**MATERIAL FOR THIS TASK:**
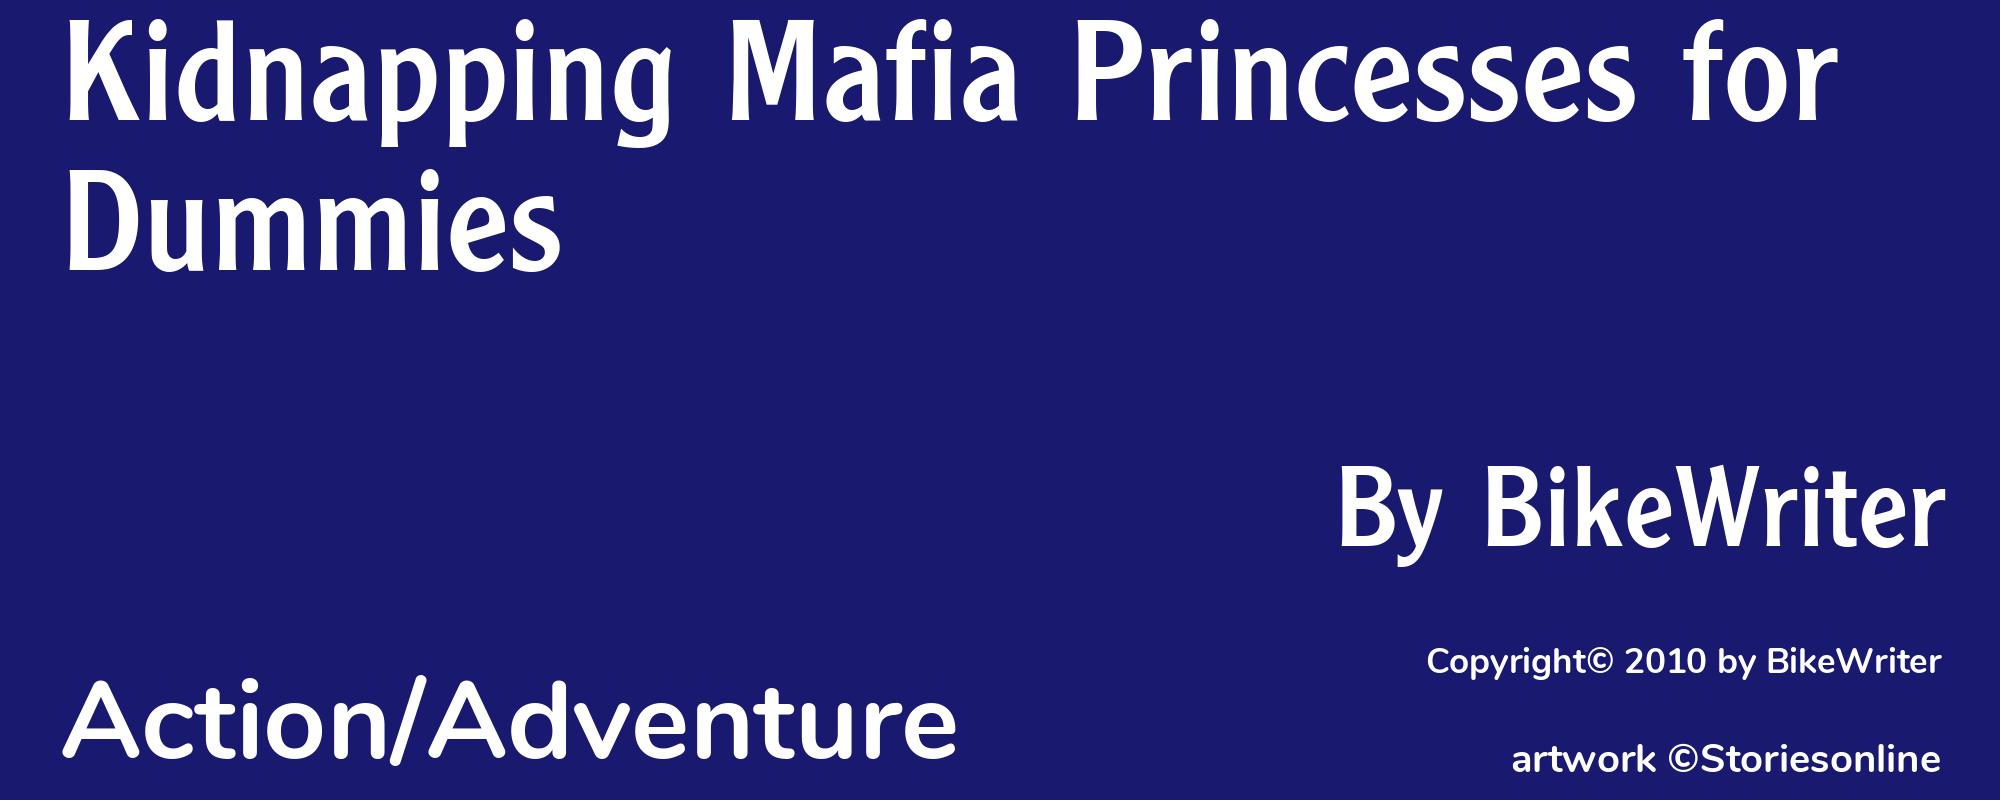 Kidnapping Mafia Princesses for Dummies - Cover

* * *

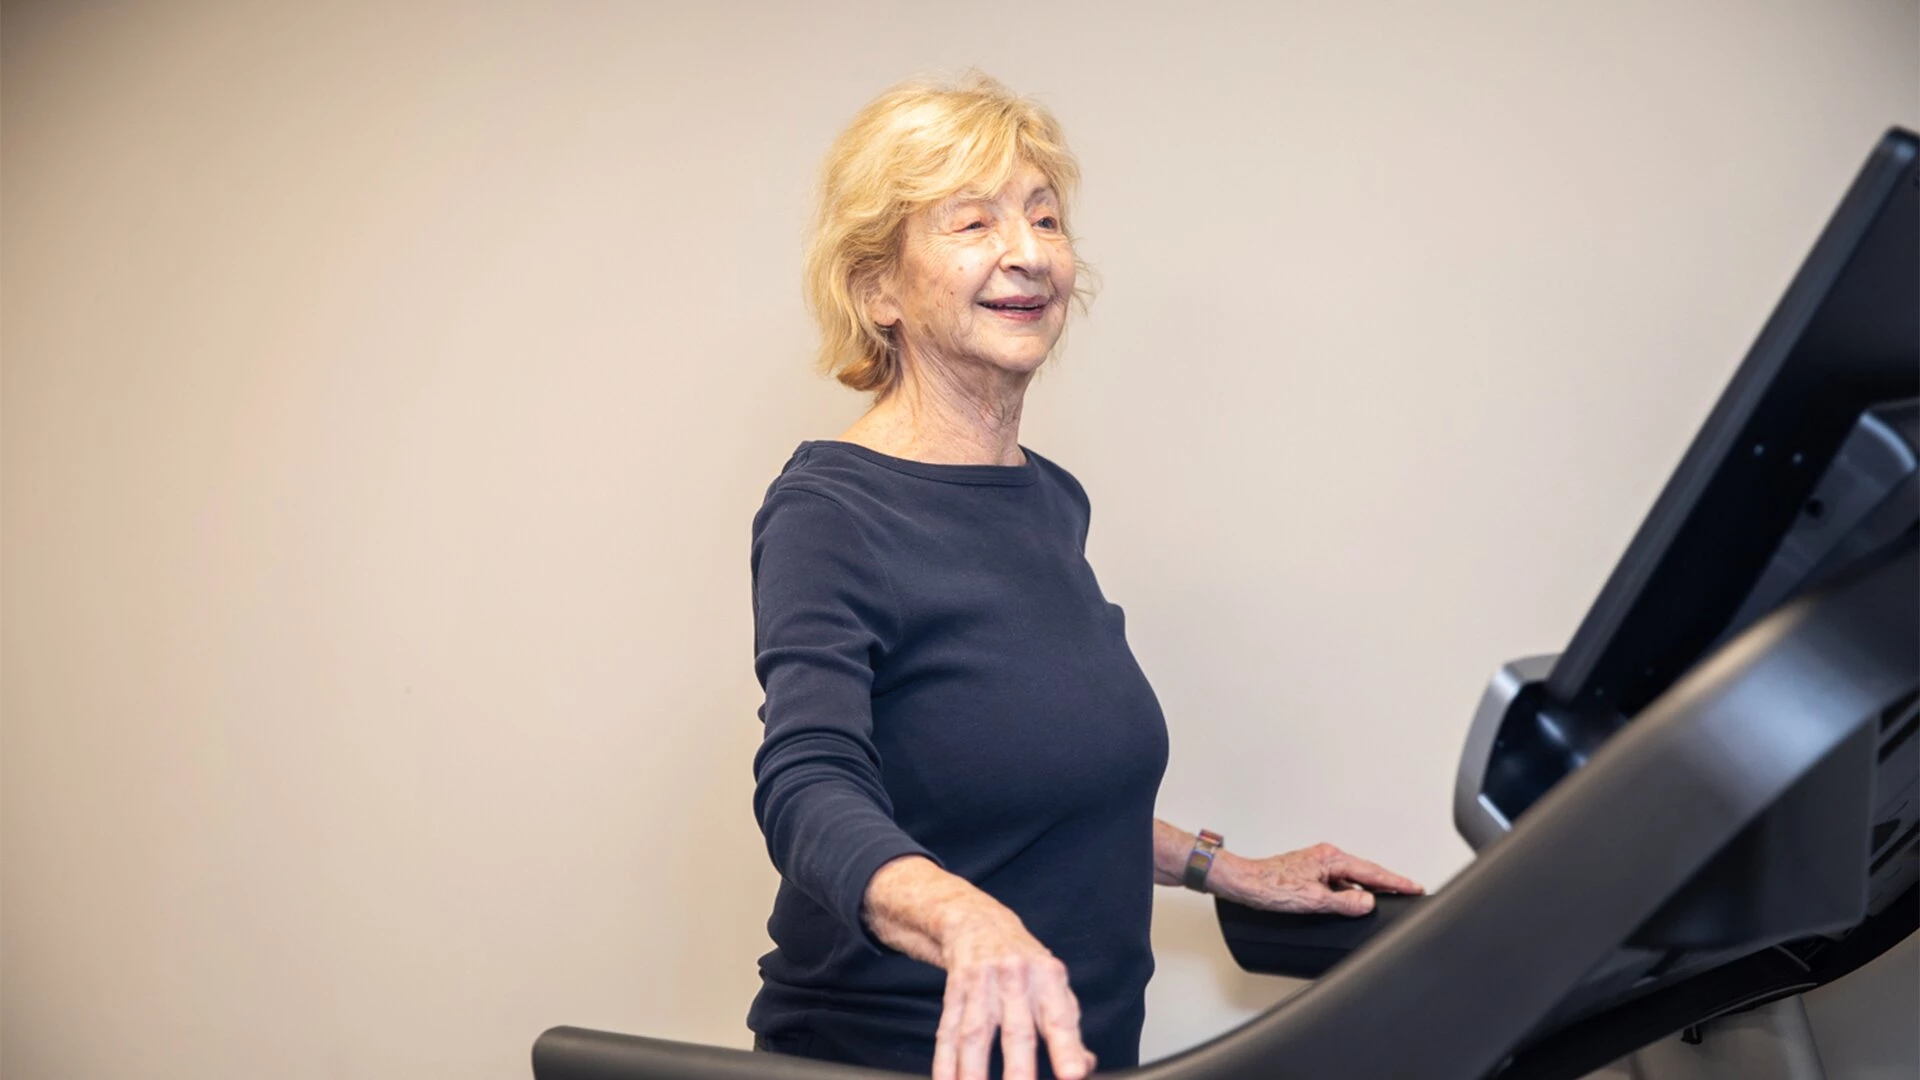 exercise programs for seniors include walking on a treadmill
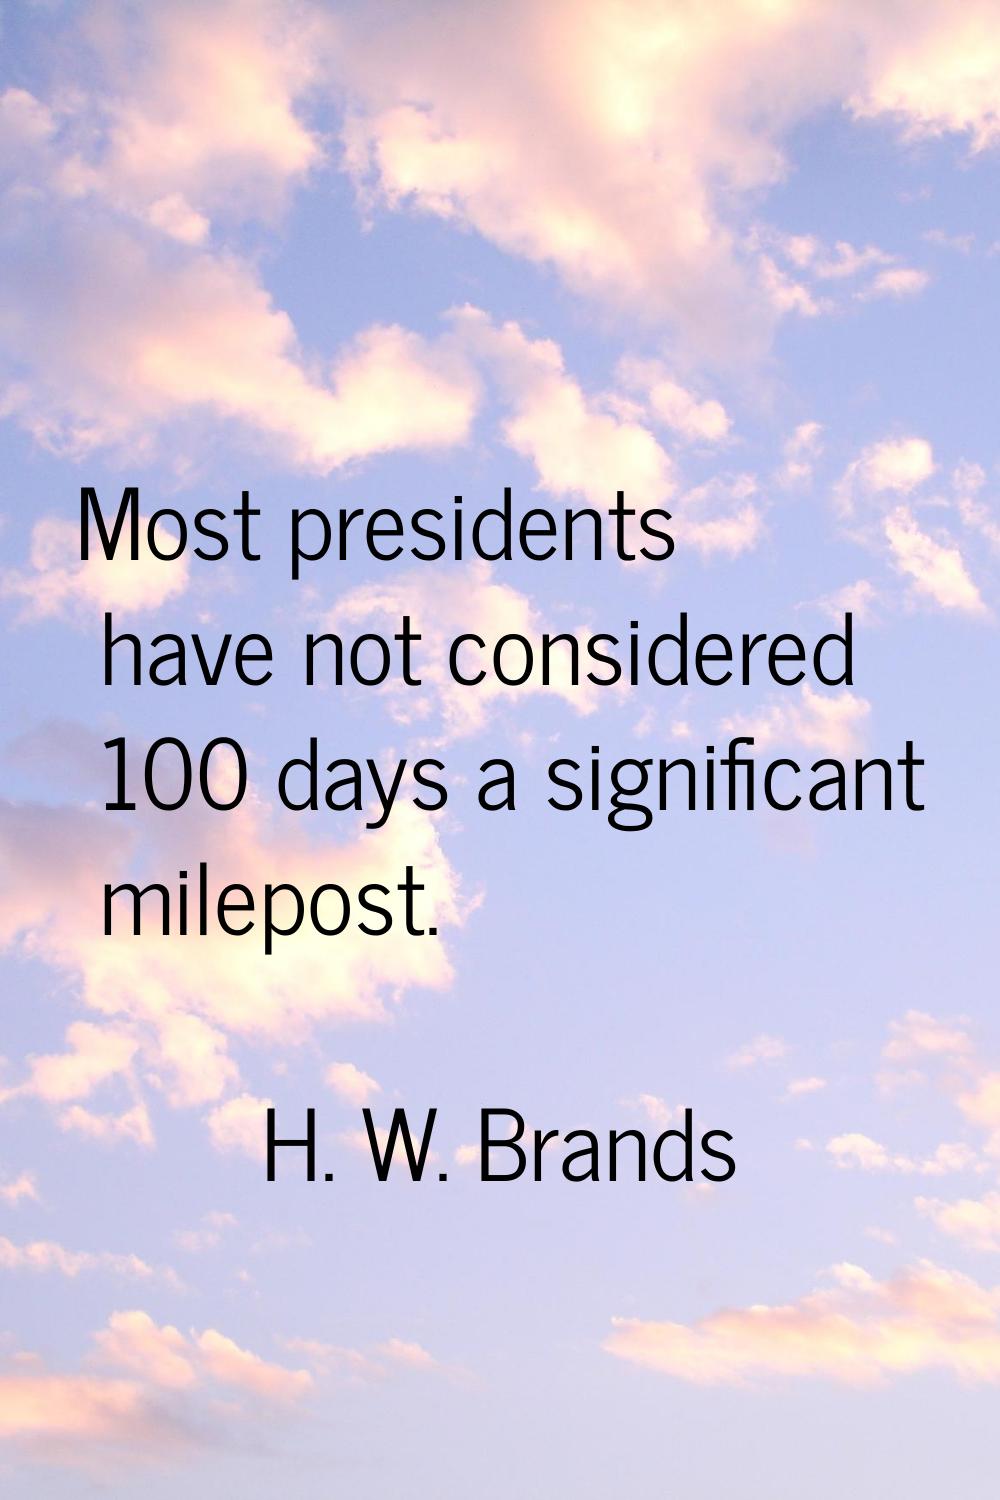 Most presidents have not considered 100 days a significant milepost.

**DESCRIPTION OF THE TASK:** Here the job is to copy the listing above word for word, starting at the line with "exercise programs for" and ending at the line with "Most presidents have", and to leave out the pictures.

**ANSWER SECTION:**
 exercise programs for seniors include walking on a treadmill
 Most presidents have not considered 100 days a significant milepost.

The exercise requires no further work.